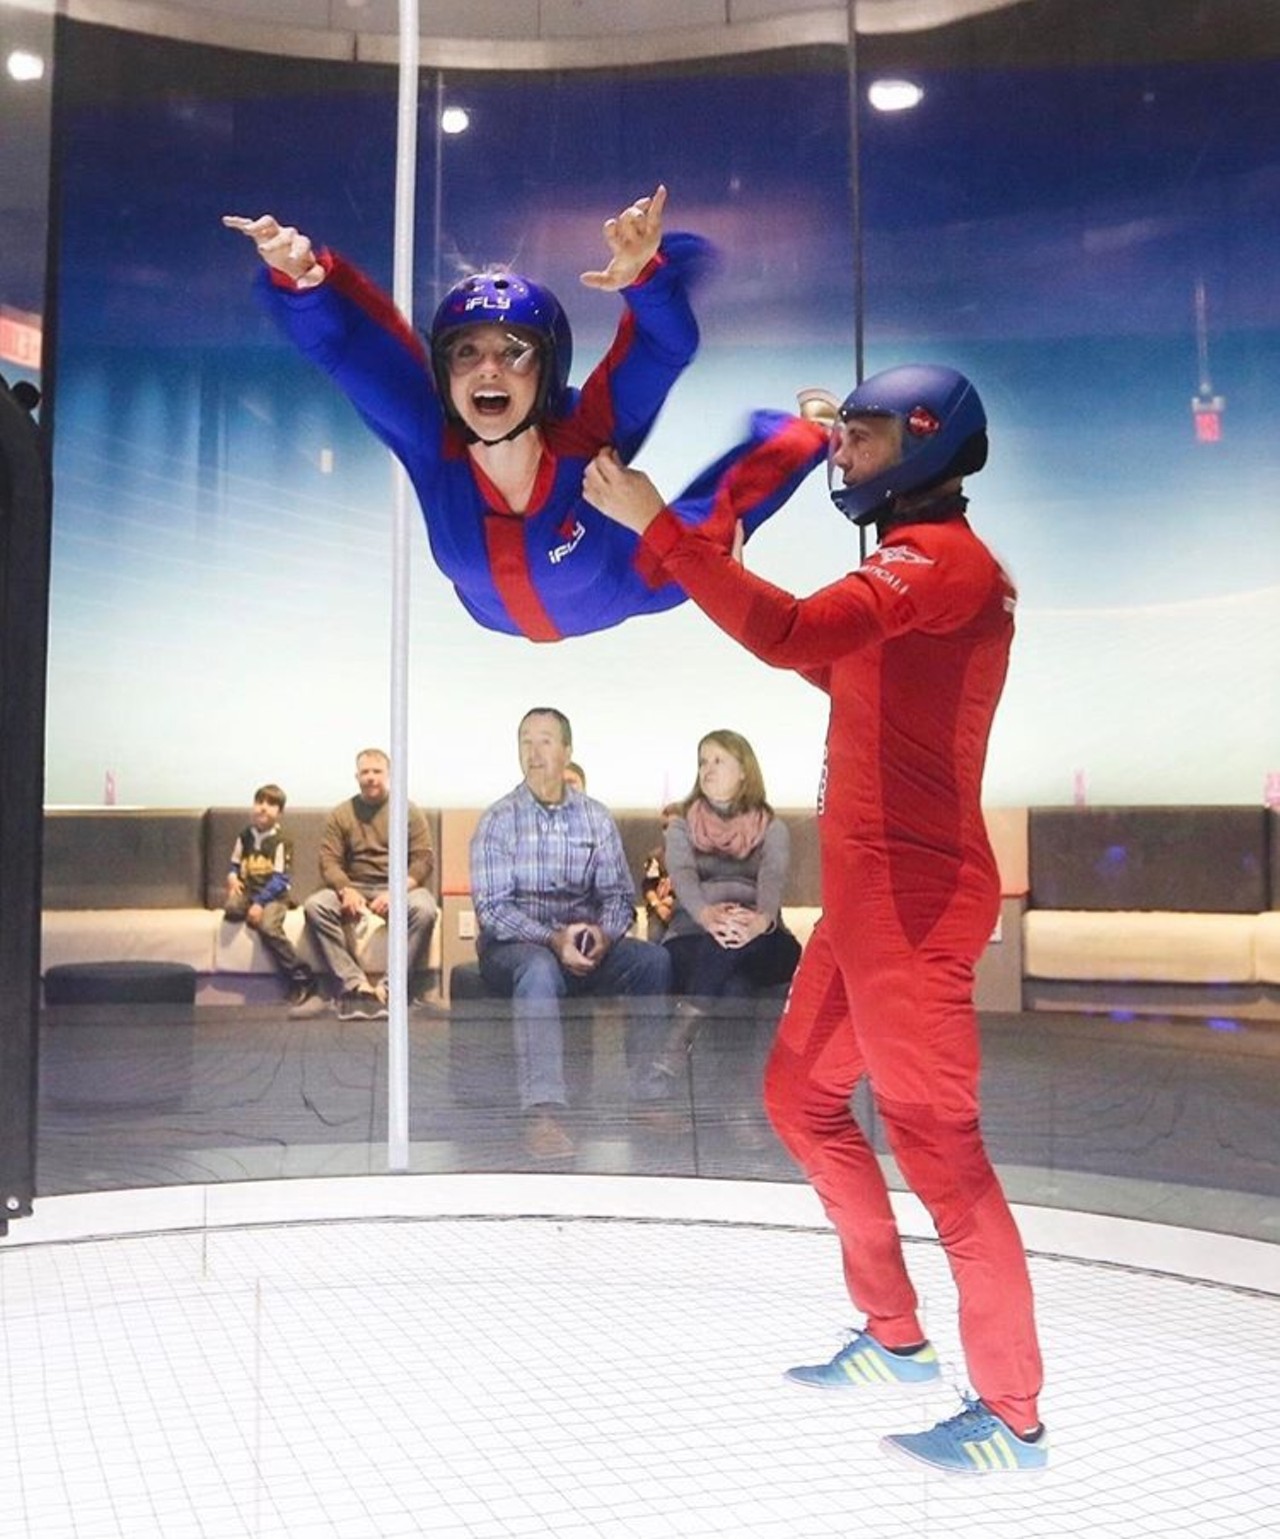 Indoor Skydiving at iFly
15915 I-10, (210) 763-4359, iflyworld.com
iFly combines the thrill of jumping out of an airplane and the safety of staying close to the ground to provide an adrenaline-packed experience. 
Photo via Instagram / lovetaymack
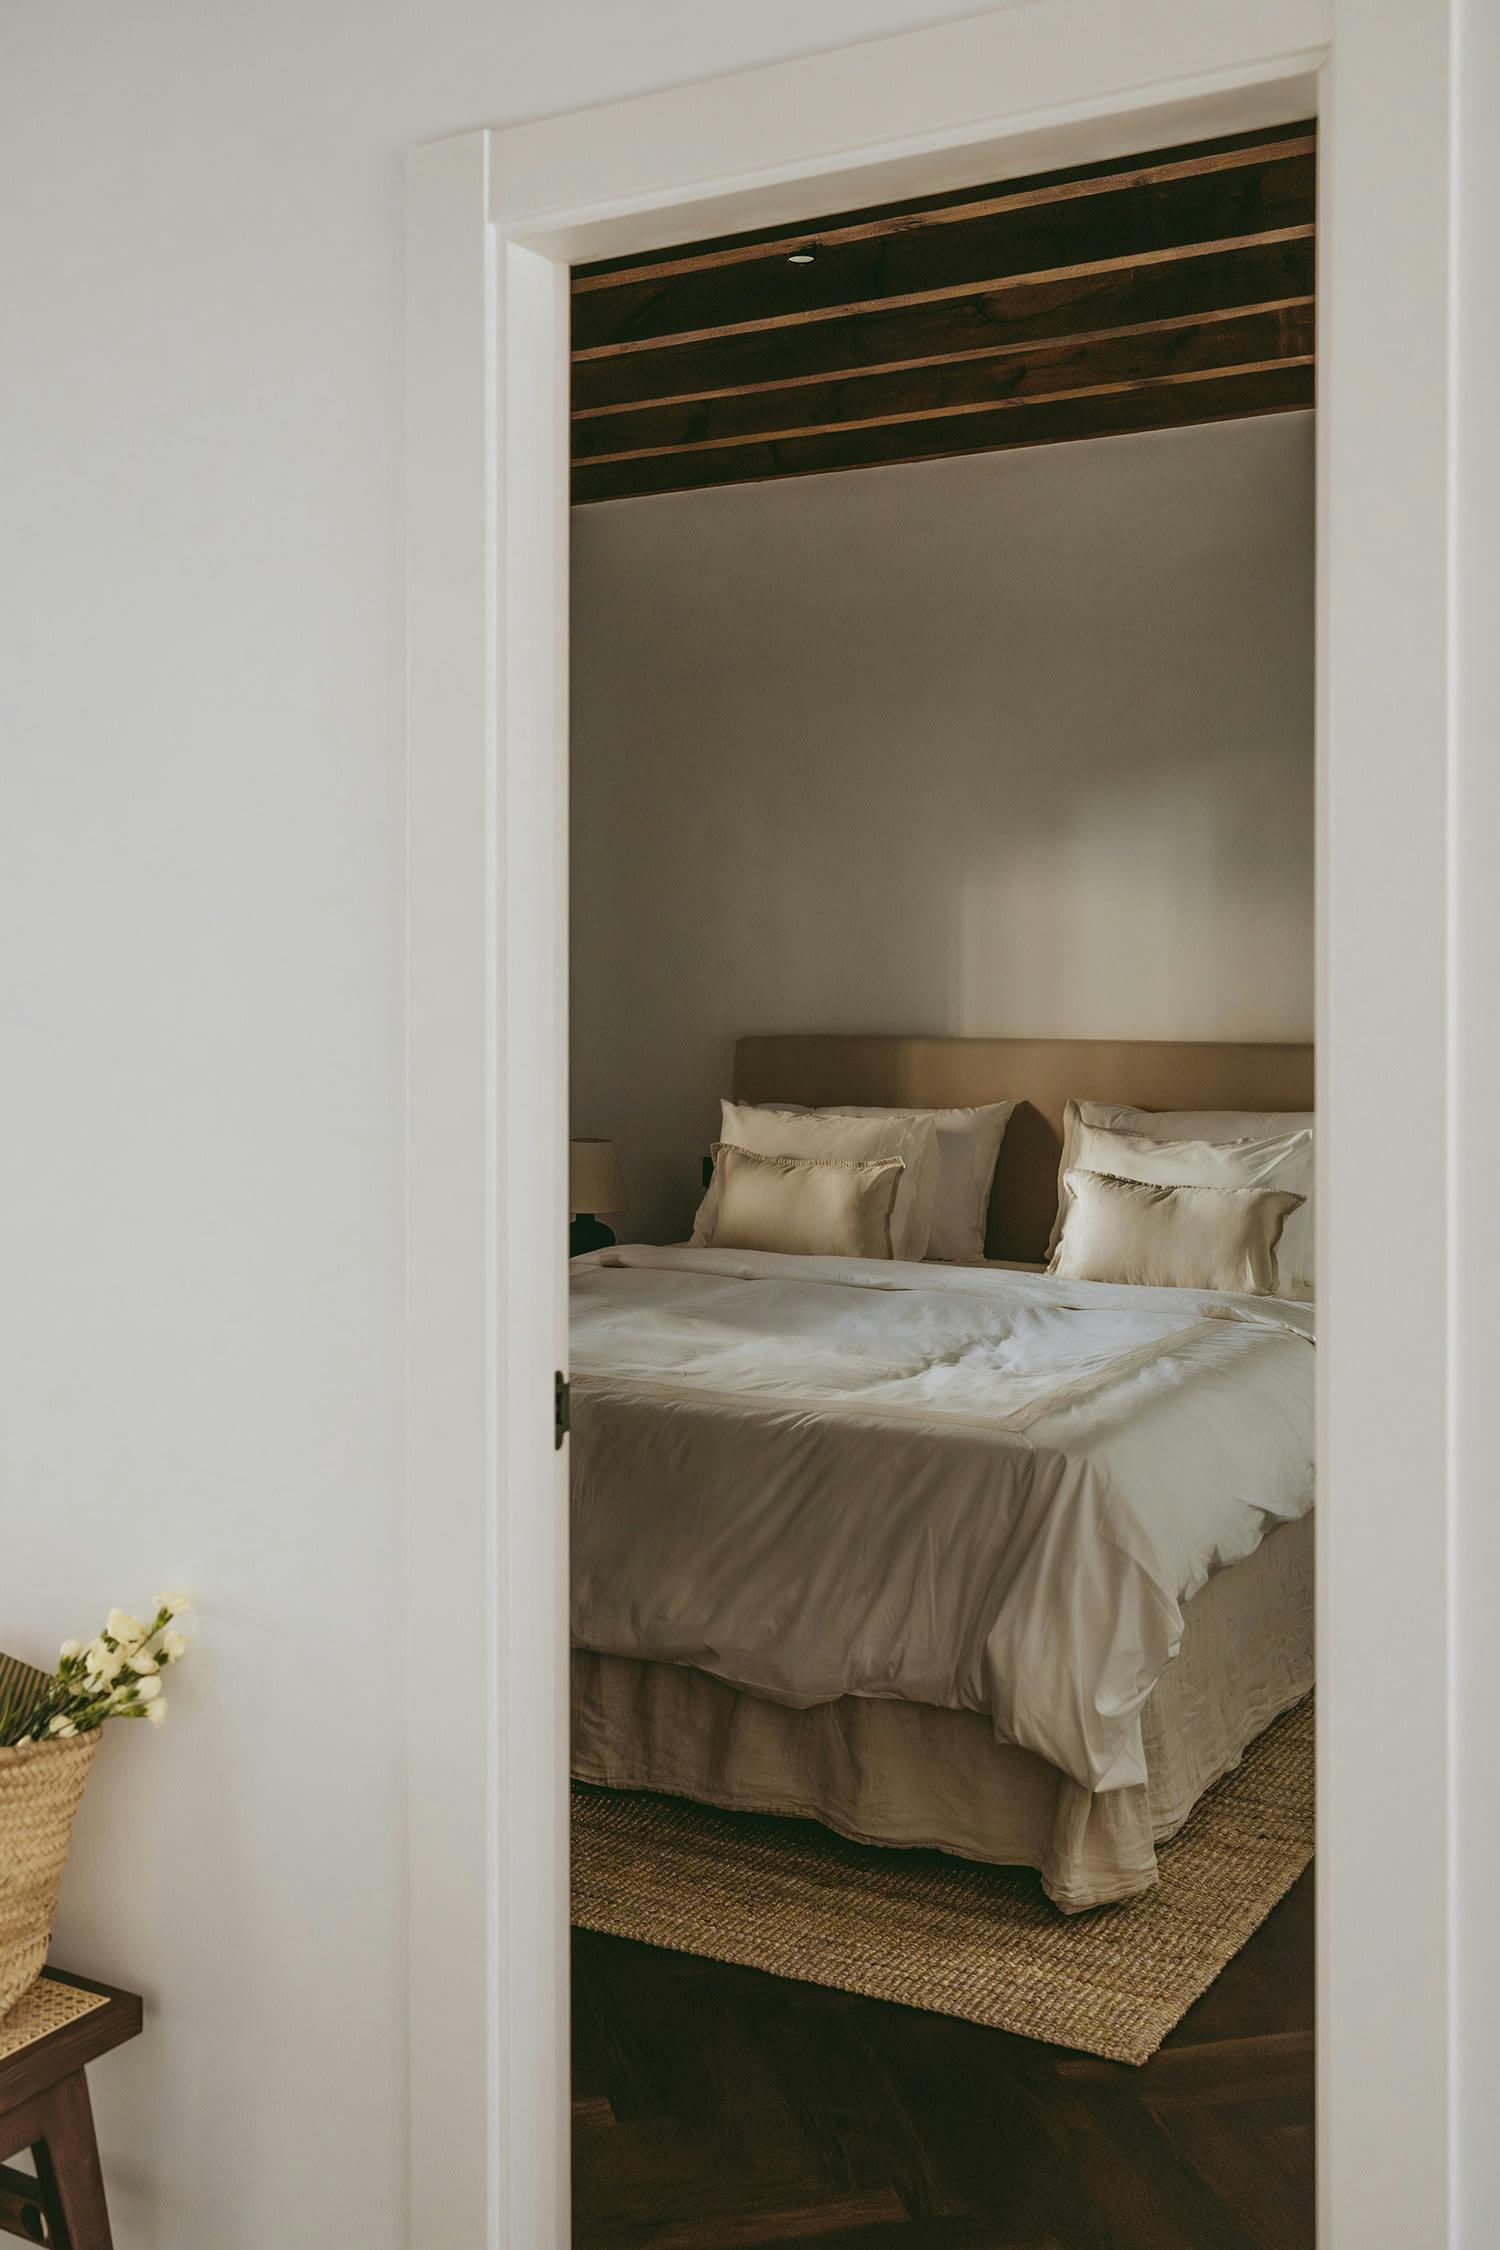 The image features a bedroom with a large bed in the center, surrounded by a white wall and a doorway. The bed is neatly made with a white comforter and pillows, and there is a potted plant nearby.

Try it »
Keep pictures out and return the lines from the one containing "15915 I-10, (210) 763-4359, iflyworld.com" through the end of the listing, both included, character for character.

Output »
15915 I-10, (210) 763-4359, iflyworld.com
iFly combines the thrill of jumping out of an airplane and the safety of staying close to the ground to provide an adrenaline-packed experience. 
Photo via Instagram / lovetaymack
 The image features a bedroom with a large bed in the center, surrounded by a white wall and a doorway. The bed is neatly made with a white comforter and pillows, and there is a potted plant nearby.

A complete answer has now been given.